I’m really new to Rhapsody and haven’t had a training course, so I’m quite lost at the moment and end up fighting with the tool (it’s not intuitive is it?). I currently don’t feel as productive as I could be without Rhapsody.
So at the moment I’m really asking myself how efficient can you get with Rhapsody and is it really worth it. Maybe I should buy a copy of your book to get a different view on UML and the benefits of it…
Also if I want to start to argue against the use of Rhapsody I should probably create a not so simple project and demonstrate the benefits of a different way like your QM/QP. Are you familiar with SIL (IEC 61508) and can you comment on how well the requirements can be covered with QM? (actually I’m not very familiar with it so I can’t really spell out what I’m looking for, probably a bad place to start)
First, I’d like to note that the QM tool is not in the same class of “big tools” as IBM Rhapsody. QM has no support for requirements management or use cases. QM’s role begins in the design stage.
Currently, QM supports packages, classes, class inheritance, class attributes, class methods, and state machines associated with classes. State machines are supported in graphical way, and I believe that drawing hierarchical state machines in QM is a lot easier than in Rhapsody and they look better in QM. A lot of thinking and work has been done in QM to respect the designer’s preferences on attachment points and routing of transitions, placement of labels, and even sensitivity of the background in nested states. You simply need to try both QM and Rhapsody to appreciate that in QM you don’t need to “fight the tool” every step of the way.
Also, with QM you are much closer to the code. Any code that you enter into the QM model (and every model regardless of the tool has a lot of textual information, such as actions executed by state machines) is in C or C++, depending on your initial choice of the framework. No indirections of an “Action Language” is used.
The code organization and generation in QM is also fundamentally different than Rhapsody (Please see my previous post “Turning Automatic Code Generation Upside Down”). Again, the main goal in designing this feature was to minimize “fighting the tool”. In QM, you ask the tool to generate elements of your code, where you believe that the tool can help. But otherwise you can keep the tool out of your way in places that it does not add value. You don’t need to tweak hundreds of parameters of code generation.
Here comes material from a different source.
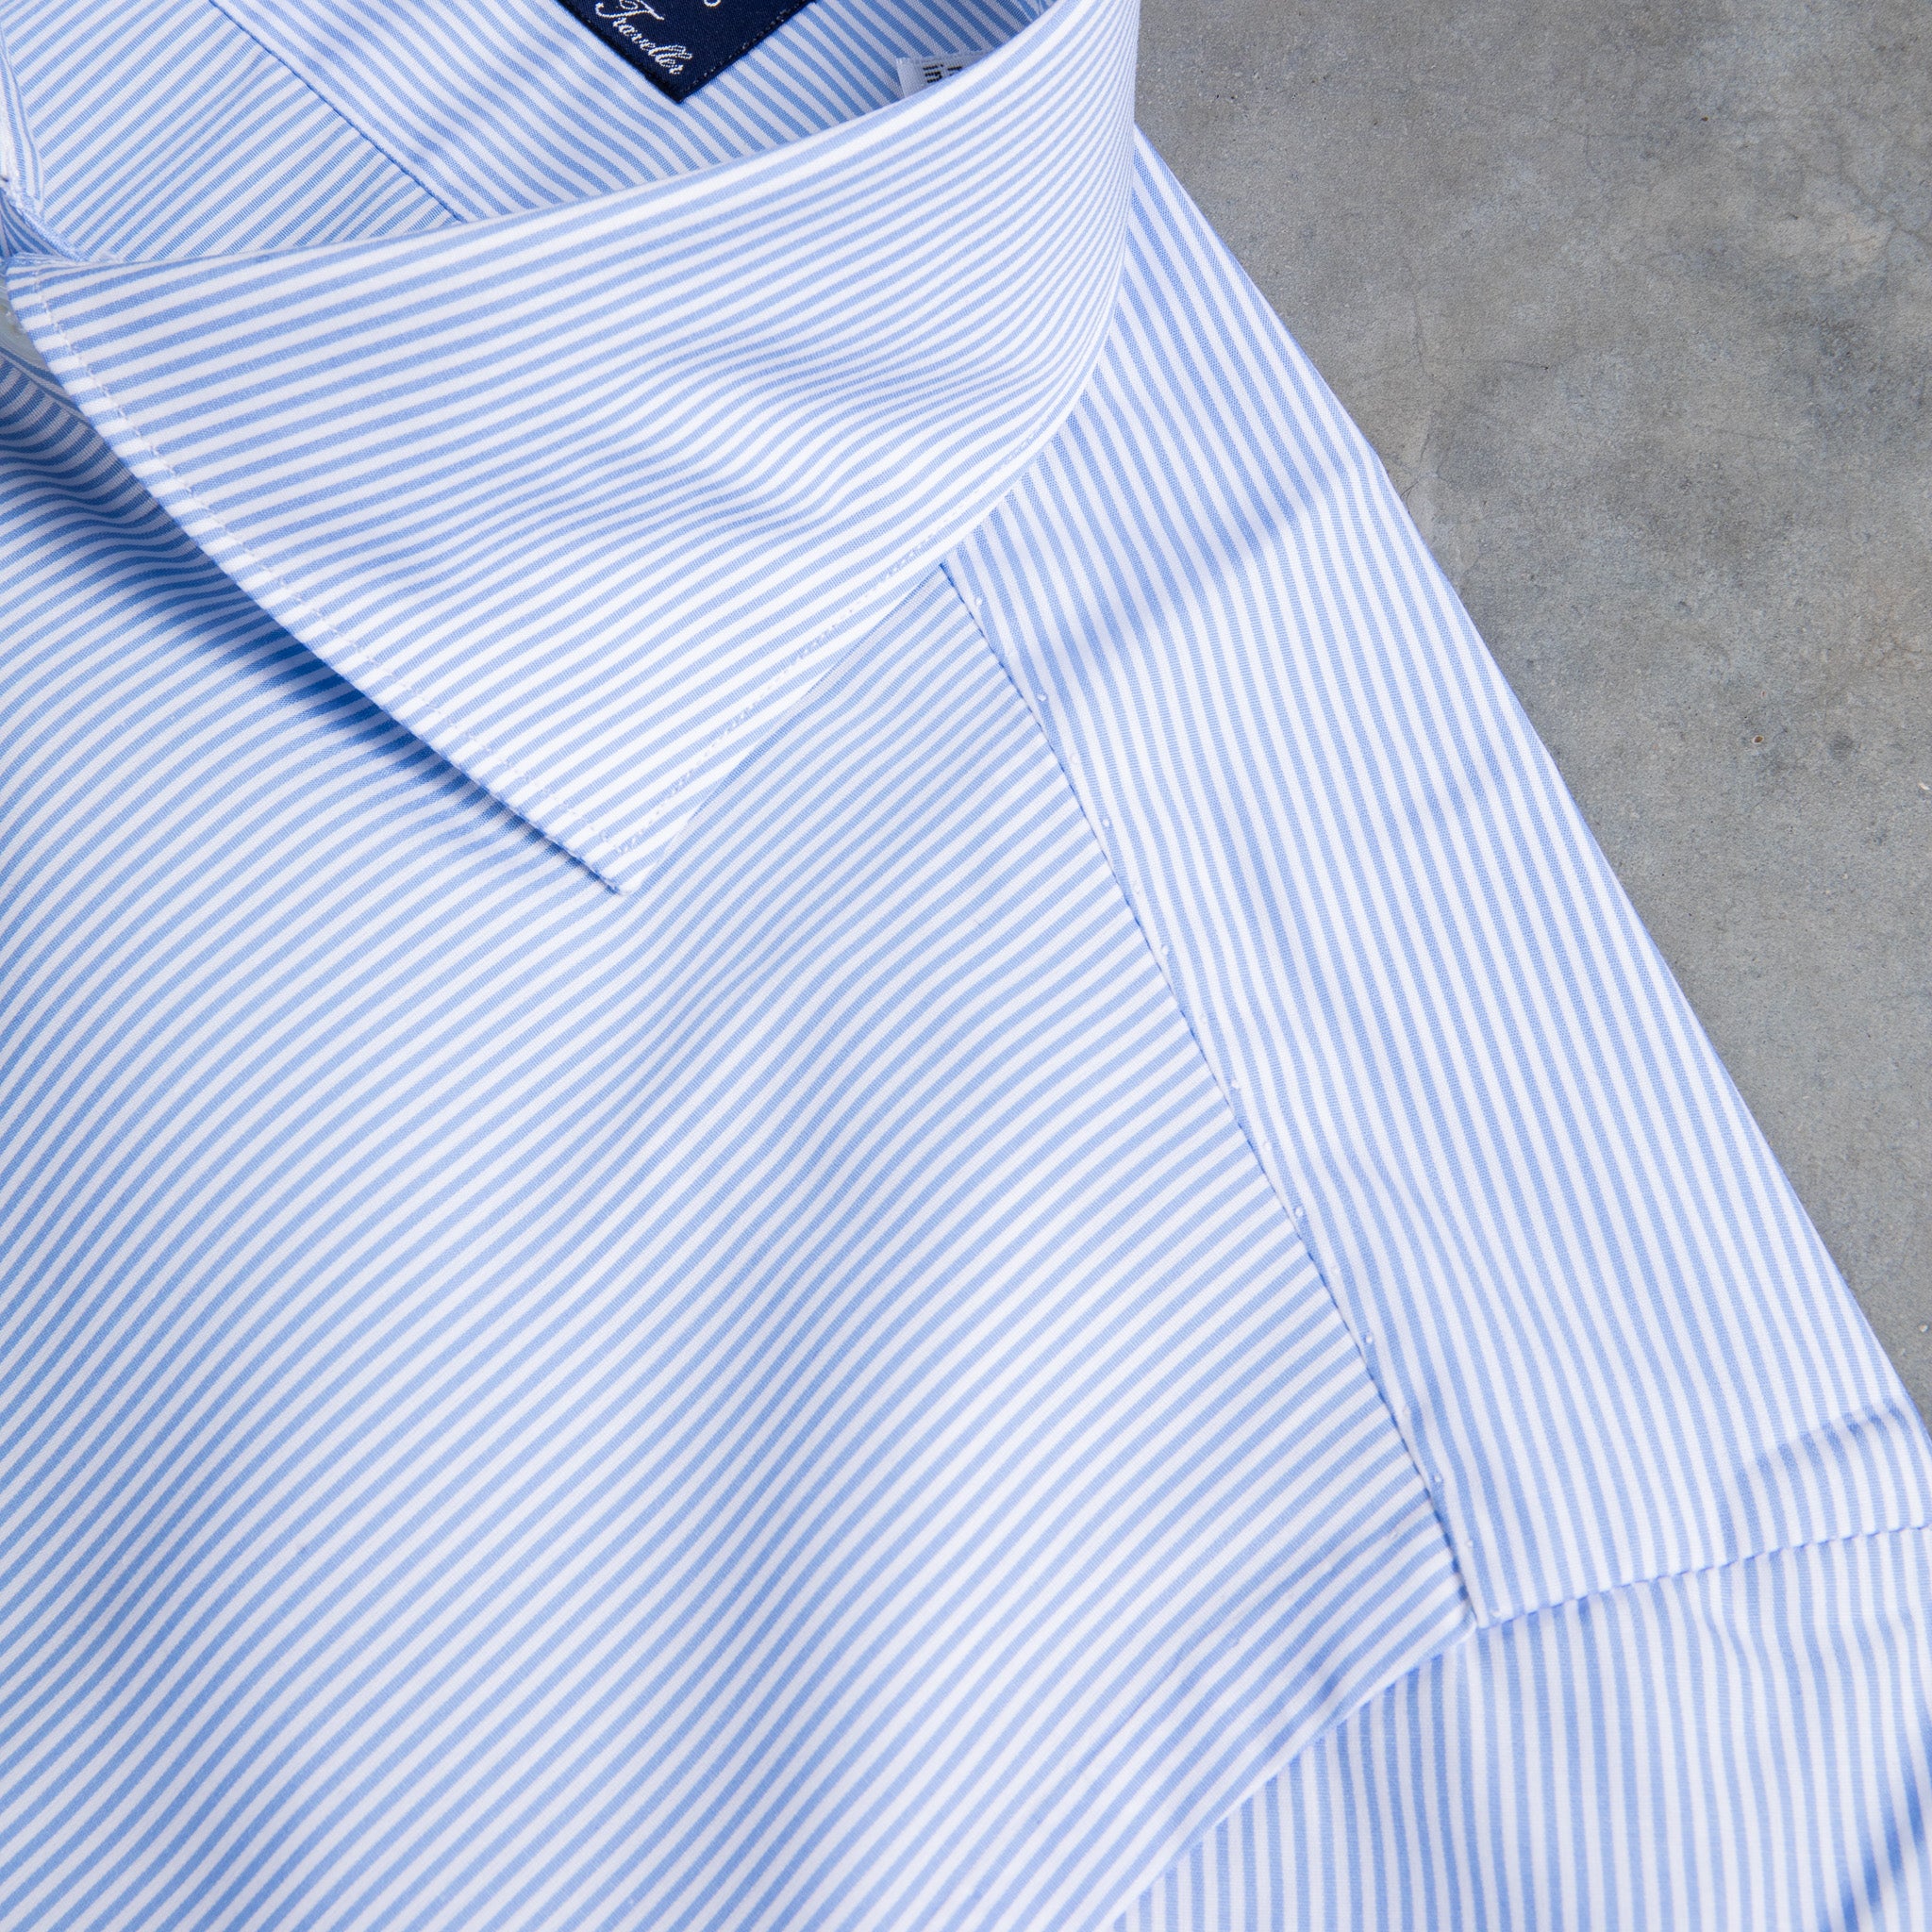 Finamore &quot;Traveller&quot; shirt Milano fit collar eduardo light blue stripe

Regarding the safety standards, QM provides no formal, built-in support for IEC 61508, the various SILs, or IEC 26262. But, at the same time there is nothing, which would prevent you from developing compliant designs and code with QM. The strength of the QM tool relies to a large degree on the underlying QP frameworks, which very favorably compare with the frameworks supported by Rhapsody (such as OXF). The QP frameworks have been recently updated to a high level of compliance with MISRA-C:2004 (QP/C and QP-nano) and MISRA-C++:2008 (QP/C++). The Application Notes and MISRA Compliance Matrices (http://www.state-machine.com/doc/an ) provide the ready-to-use quality system with automated rule checking and test–a huge time saver for anyone interested. The QP frameworks provide also strong support for testing through the built-in QS (Quantum Spy) tracing instrumentation.
In summary, the right choice of a tool for you depends on the features you actually end up using. If you only end up using diagramming, you don’t need Rhapsody or even QM–you need a “simple drawing tool”. If you seriously think of code generation, QM will provide you exactly this at much lower cost than Rhapsody. Only if you seriously think you will use more than this, Rhapsody could be the right choice. From my experience, however, very few teams reach that level of sophistication.